In the first half of the 20th century, scientific journals started filtering submissions through critical assessment by independent colleagues. This peer-review system (Baldwin, 2018) has essentially survived into modern days, in some fields supplemented by electronic preprint servers,113,,114 which release manuscripts prior to full submission, usually to enquire constructive upfront feedback from colleagues in the community, and to establish precedence of the work. While the system of scientific publishing has proven to function for the most part, it is, at least at times, still prone to poor quality and even nepotism, for example, due to paucity of highly qualified referees caused by poor incentivization, the once-off nature and anonymity of reviewer involvement, substandard publishing houses, and the practical absence of rewards and penalties for poor judgment on project impact.

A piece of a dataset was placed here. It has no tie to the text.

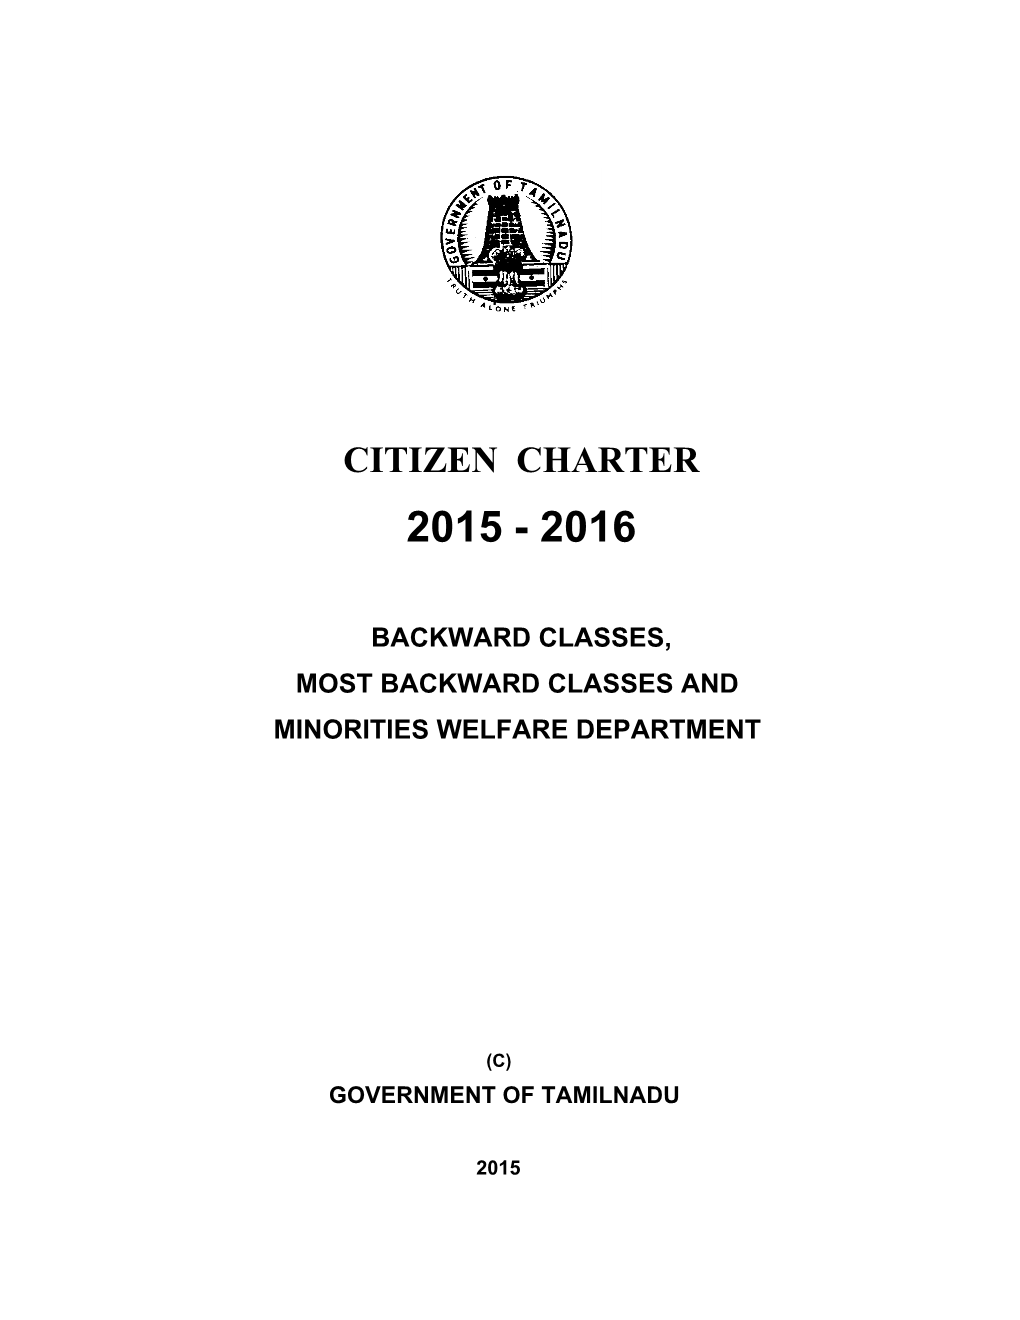 Citizen Charter 2015 - 2016

Blockchain technologies could also provide fair models for access to scientific data. In its current state, large portions of the scientific record are siloed in private enterprise or only available through pricy subscription models, including important metrics such as citation numbers.

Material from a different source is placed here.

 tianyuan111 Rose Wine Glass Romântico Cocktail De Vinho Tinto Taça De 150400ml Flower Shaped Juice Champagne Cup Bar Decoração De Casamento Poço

It is evident that the collateral-backed reputation systems like token economies and prediction markets coordinated by blockchain’s decentralized and transparent peer-to-peer network would be well-suited to boost leverage of crowd intelligence, thus enhancing quality, credibility, reproducibility, and impact of findings, and, importantly, their broad-scale adoption in the community. These shortcomings affect publications as well as typical funding mechanisms implemented by public agencies, where blockchain-based staking of reputation and crypto assets could help formulate calls and support scientific progress, monitor administration, and exploitation.

However, note that the publishing based on blockchain technology and within its community, with exceptions (Rossum, 2017, Janowicz et al., 2018, Martin, 2018, van Rossum and Lawlor, 2018, Dhillon, 2019, Heaven, 2019, Leible et al., 2019, Mackey et al., 2019, Rafati Niya et al., 2019),98,107,110,,116,118 is so far dominated by unaudited white papers, non-systematically archived web pages, unfiltered news releases, and hardly traceable social media contributions which are commented on rather secluded Internet forums. This rather Bohemian publishing culture, and a stark clash of jargon, contrasts the traditional path for publishing in the scientific community, which involves vigorous peer review for affording credibility and quality and reputed publishers for assuring documentation that is stable on the long term.


Depending on the objective of the blockchain, different organizational setups may be chosen for the blockchain technology. Commercial RTD projects might want to deliberately restrict access in permissioned, corporate/consortium/federated blockchains, for example, to guarantee confidentiality and retain full control of blockchain operations, and for lowering demands on computing infrastructure and their environmental footprint. On the contrary, academically minded scientific projects, for example, for creating fundamental knowledge, might want to be more transparent, thus suggesting implementation on a permissionless or per-missioned public blockchain.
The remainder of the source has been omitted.